◆ Exercise instructions ◆
Retype all of the listing exactly, with no pictures.

◆ Source data ◆
┄┄┄┄┄┄┄┄┄┄

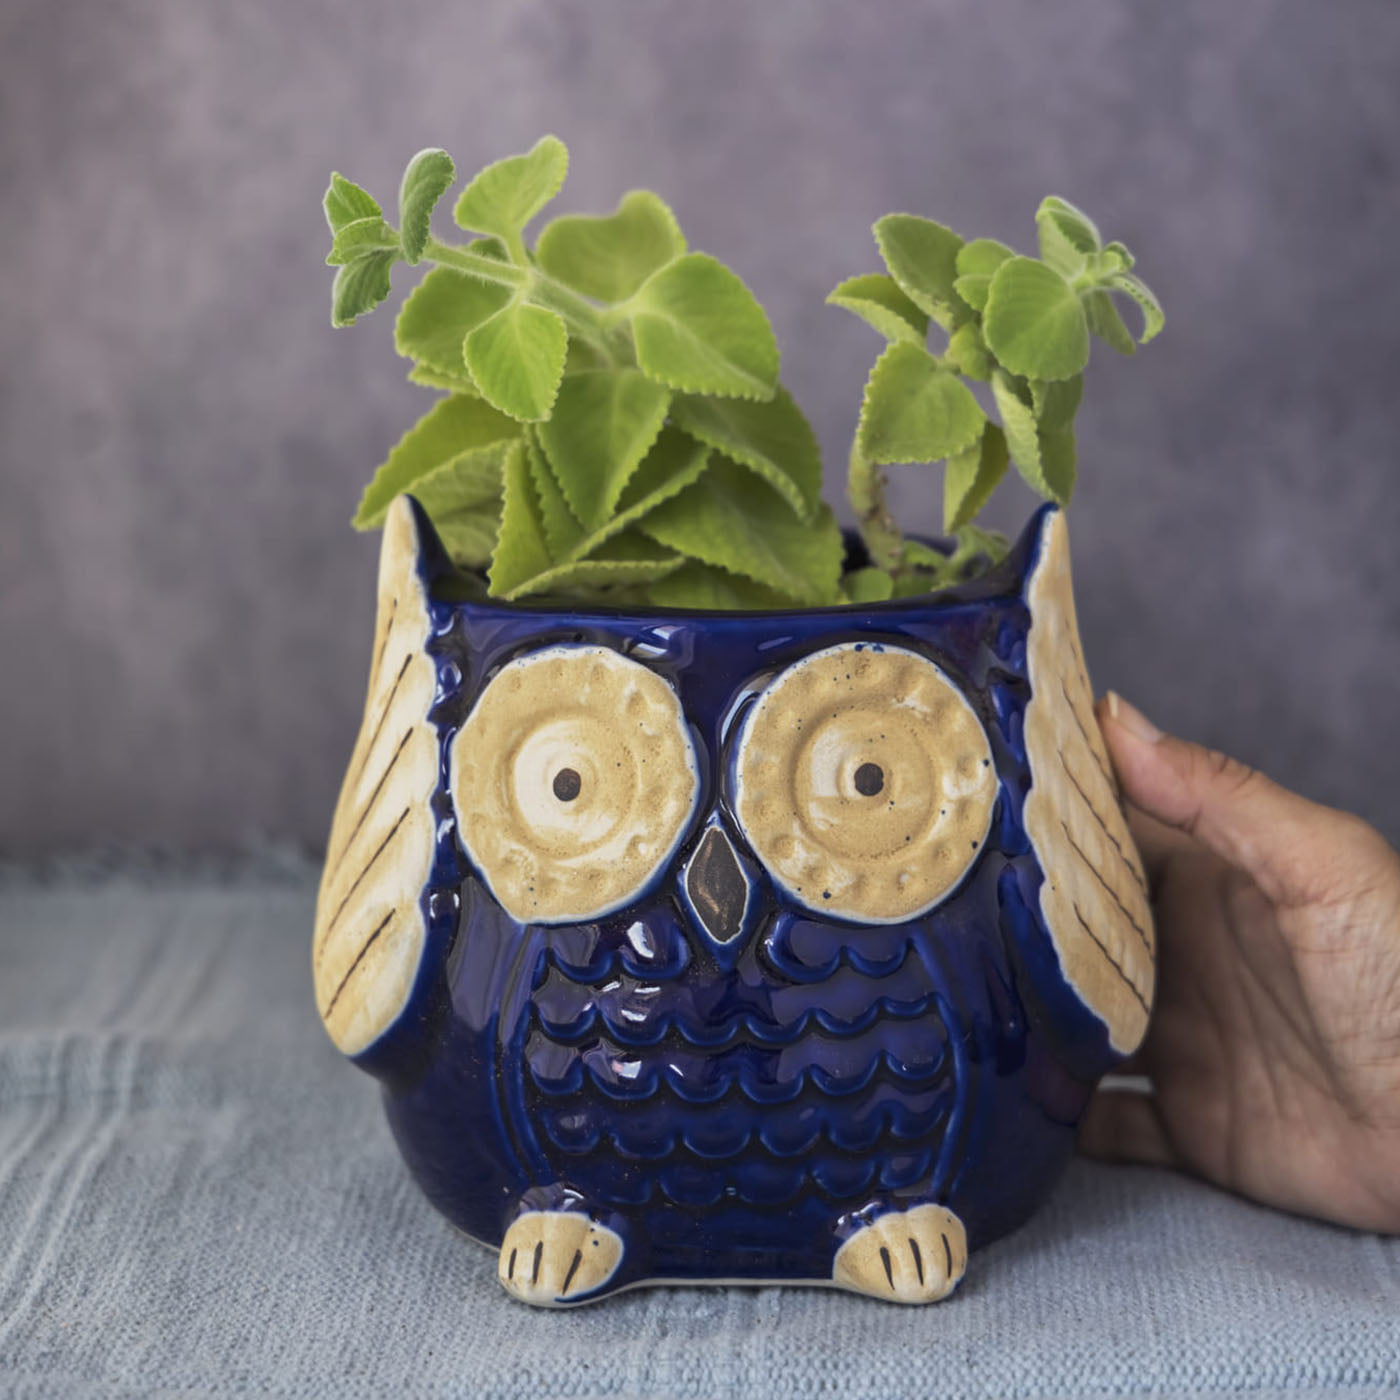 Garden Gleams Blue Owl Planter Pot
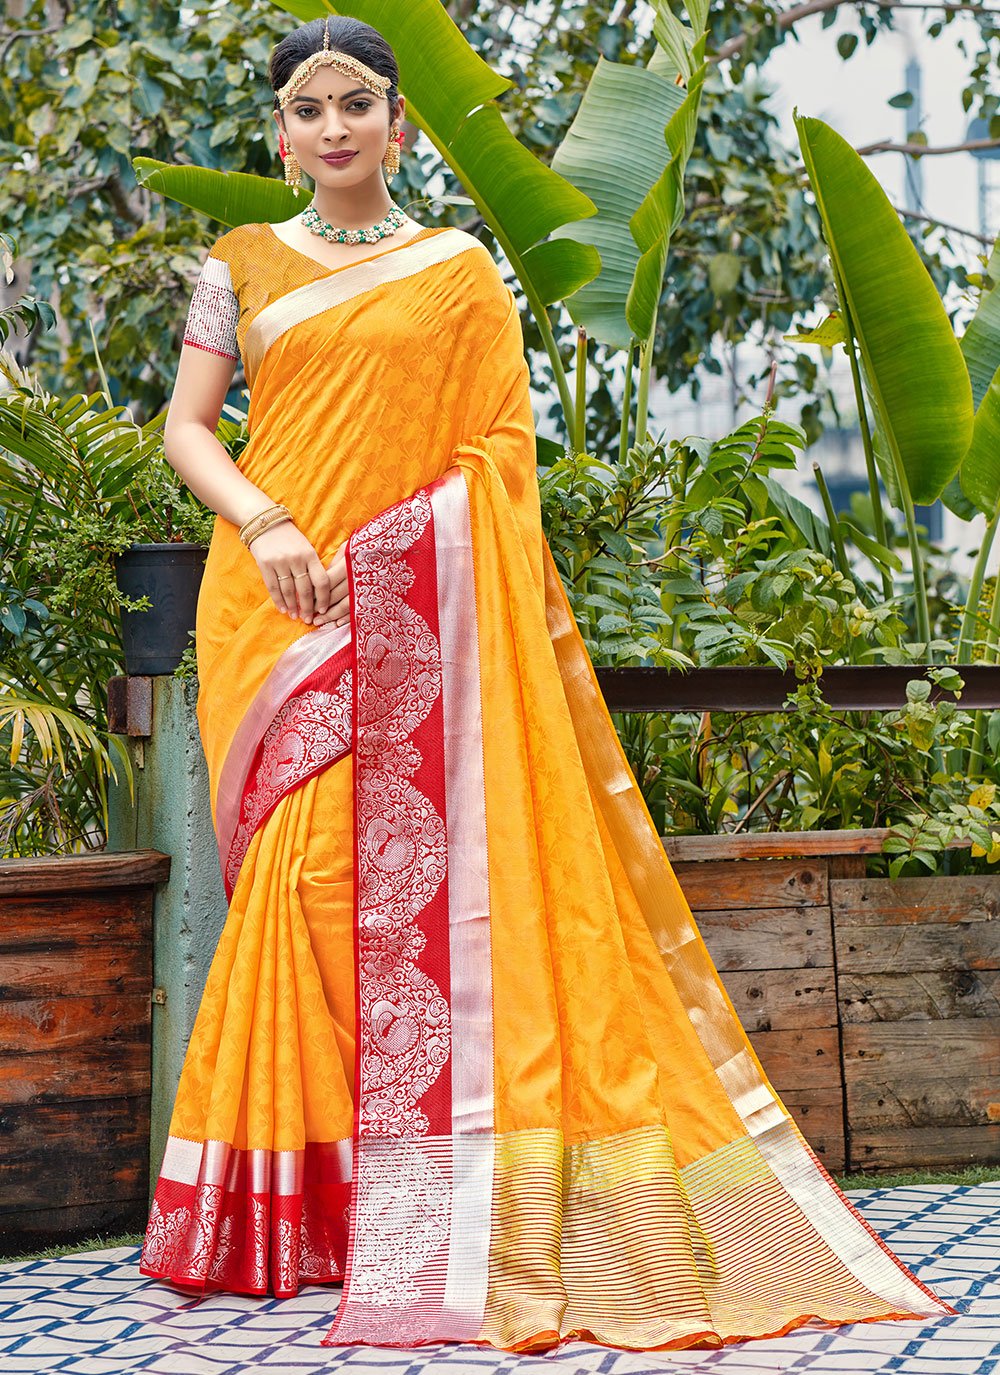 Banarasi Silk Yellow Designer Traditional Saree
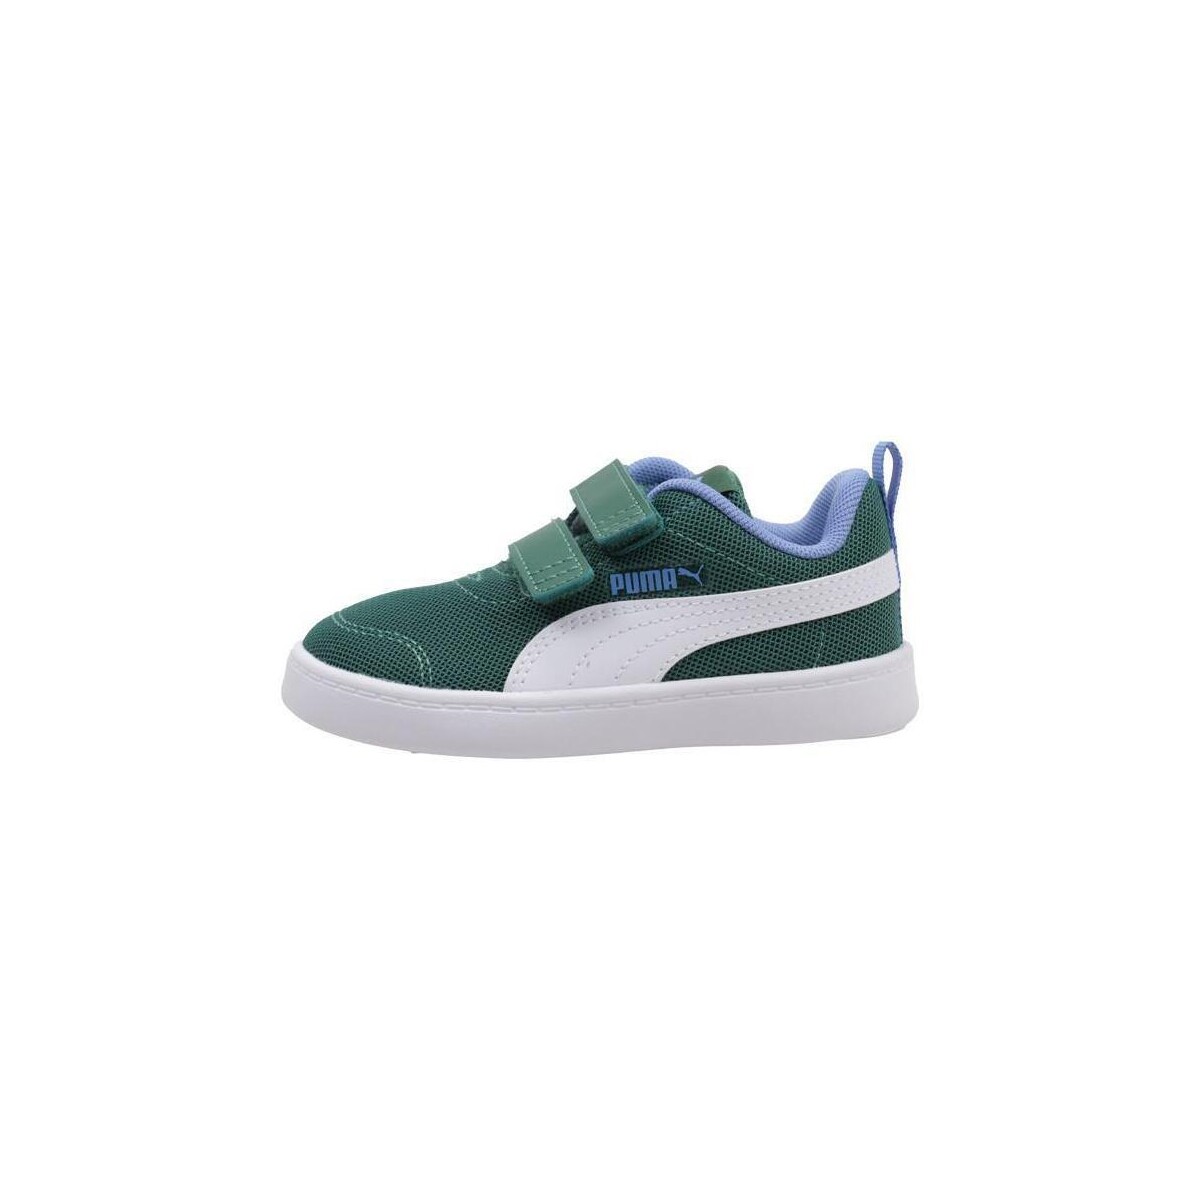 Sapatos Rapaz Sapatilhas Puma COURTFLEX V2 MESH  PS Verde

┄┄┄┄┄┄┄┄┄┄

◆ Result for this exercise ◆
 Garden Gleams Blue Owl Planter Pot
 Banarasi Silk Yellow Designer Traditional Saree
 Sapatos Rapaz Sapatilhas Puma COURTFLEX V2 MESH  PS Verde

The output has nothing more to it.